I handed him the chipped Mason jar that Willa Faye’s mama had given us to play with. We’d stuck lake muck and grass in the bottom of the jar along with some lake water so the tadpoles could be comfortable in their new home. Jimmy told me that once they grew legs we’d have to let them go because they couldn’t stay underwater all the time anymore. That’s what I loved about Jimmy—how smart he was. He knew everything about birds, too—like if they were from Georgia or just stopping by for a visit, what they liked to eat, and what they sounded like—which was why Grandpa had given him the binoculars. Harry and Will—our oldest brothers—always teased him something fearful, calling him stupid and other bad names, but Jimmy never seemed to mind it at all. It was our little joke, pretending he was just as dumb as our brothers thought he was. And that’s why Jimmy was my favorite even though Mama had told me it was wrong to pick favorites. I made the mistake once of pointing out that it couldn’t be so wrong since she did it, and I got my hide tanned by Daddy when he came in from the fields. I was never sure what was worse—the spanking or the waiting for the sound of his boots on the front porch.

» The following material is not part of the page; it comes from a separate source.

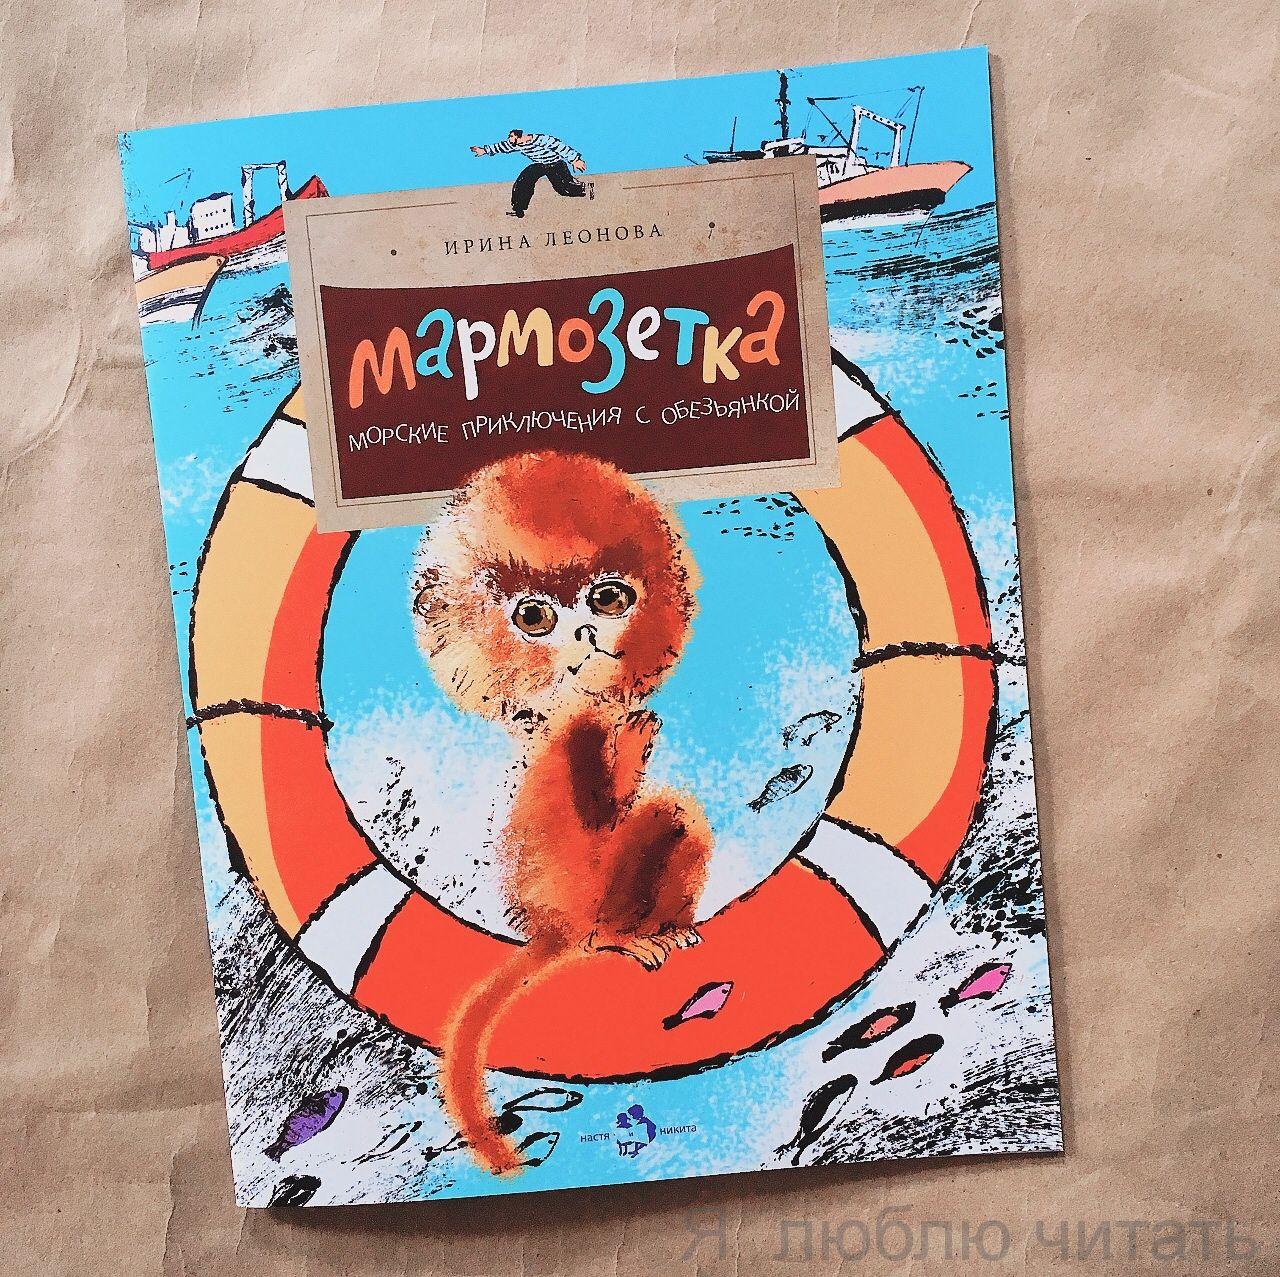 Книга «Мармозетка. Морские приключения с обезьянкой»
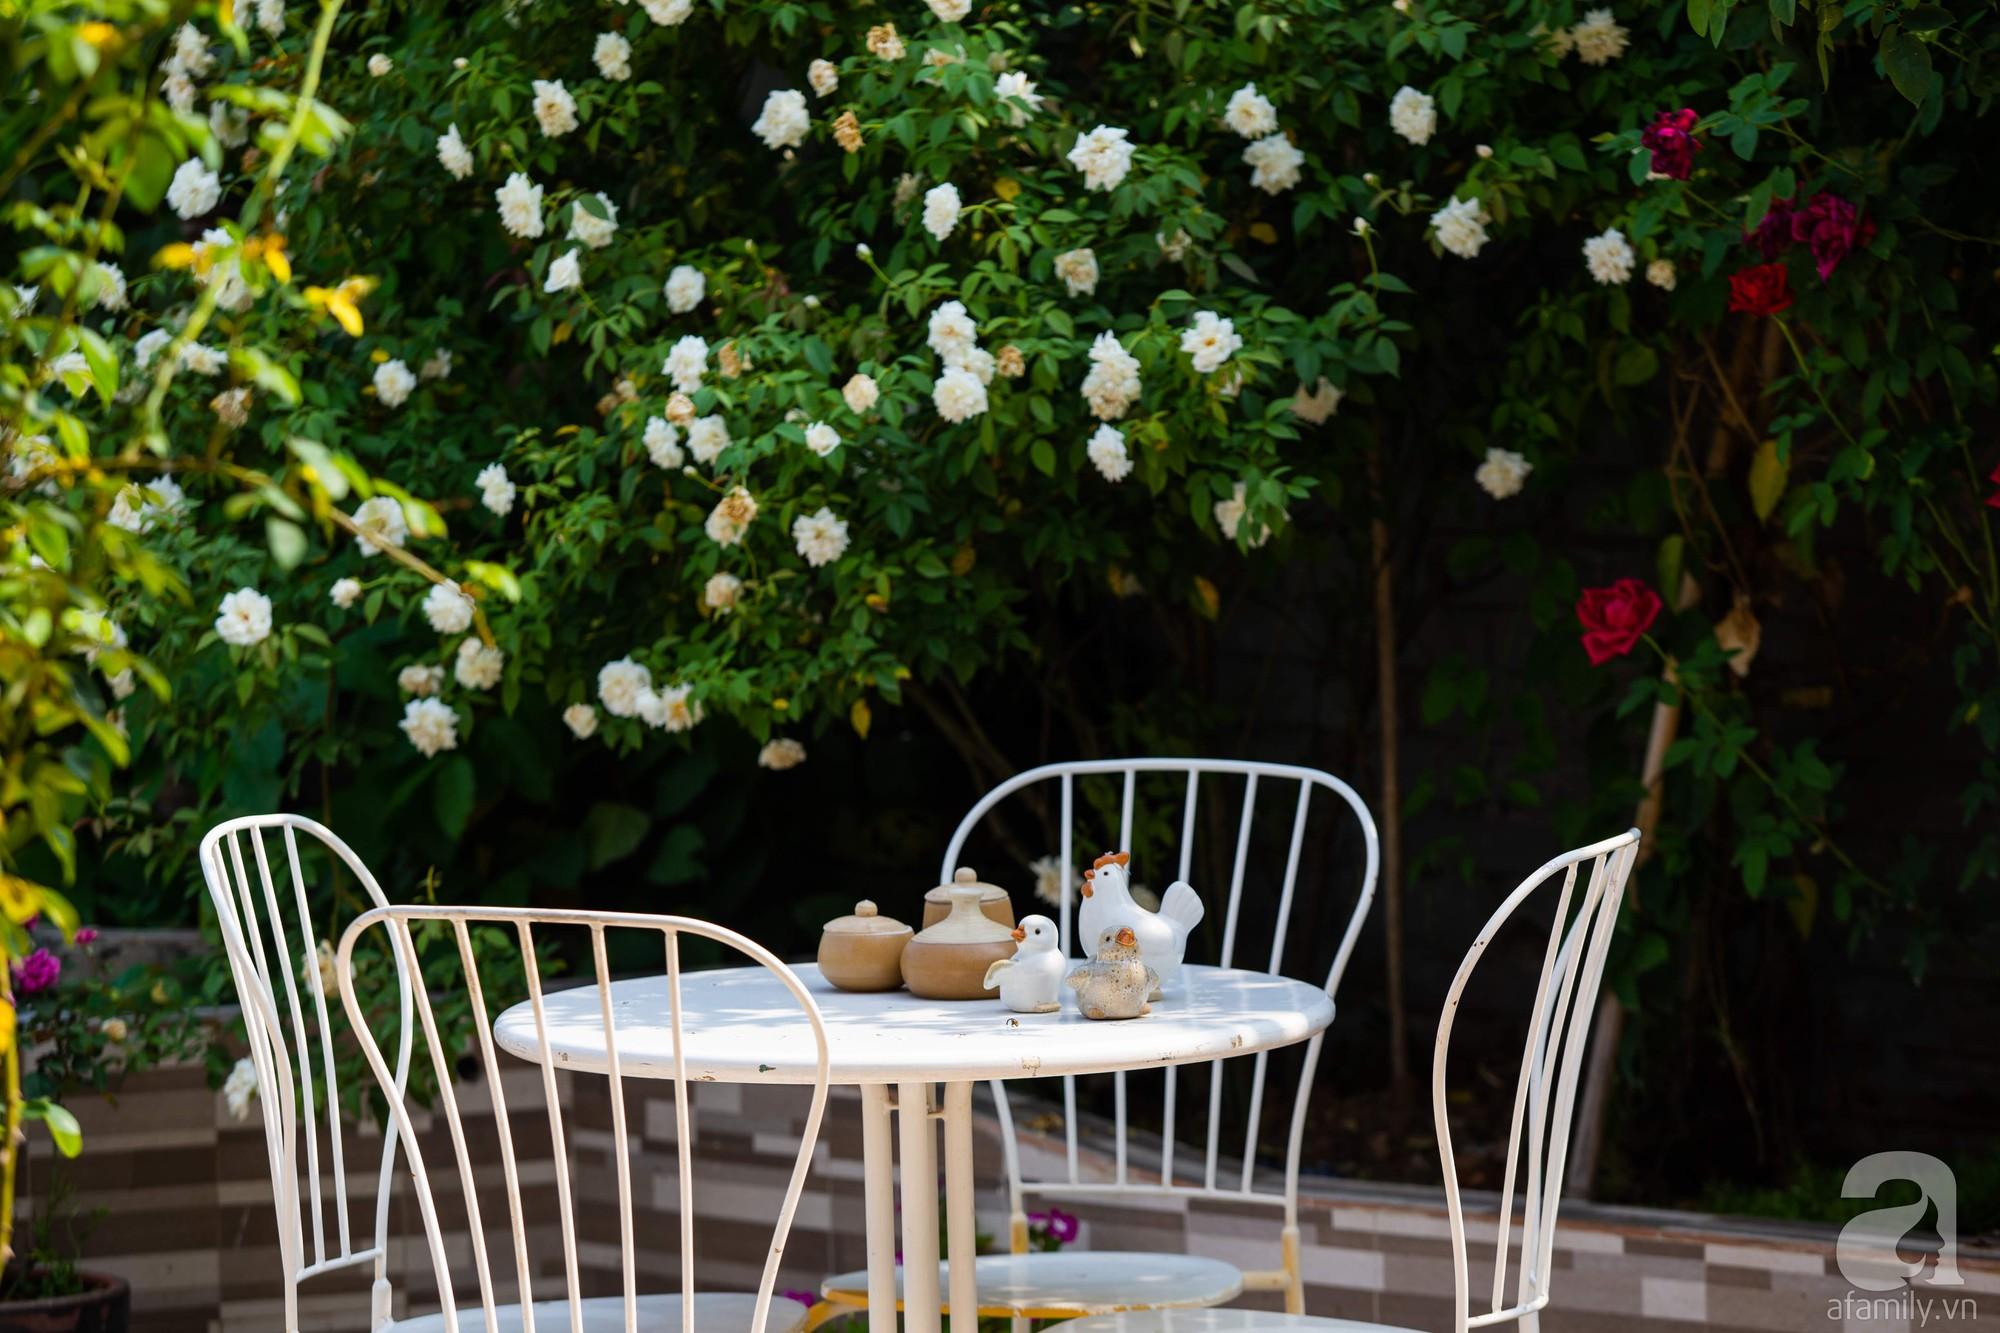 Khu vườn trên sân thượng rộng 200m² đẹp ngỡ ngàng với trăm loài hoa đua nhau khoe sắc ở Hà Nội - Ảnh 9.

With Jimmy’s tongue squeezing out between his teeth in concentration, he carefully picked up each tadpole in the net and put him in the jar, and we smiled at each other like we’d just done something wonderful.

“Where you going to keep it?” I asked.

He wrinkled his nose at me, his odd-colored eyes squinting. They were so pale that in the sun the blue blended into the white, one of the reasons why other people thought he was half-baked. But I knew it meant he could see things most people couldn’t.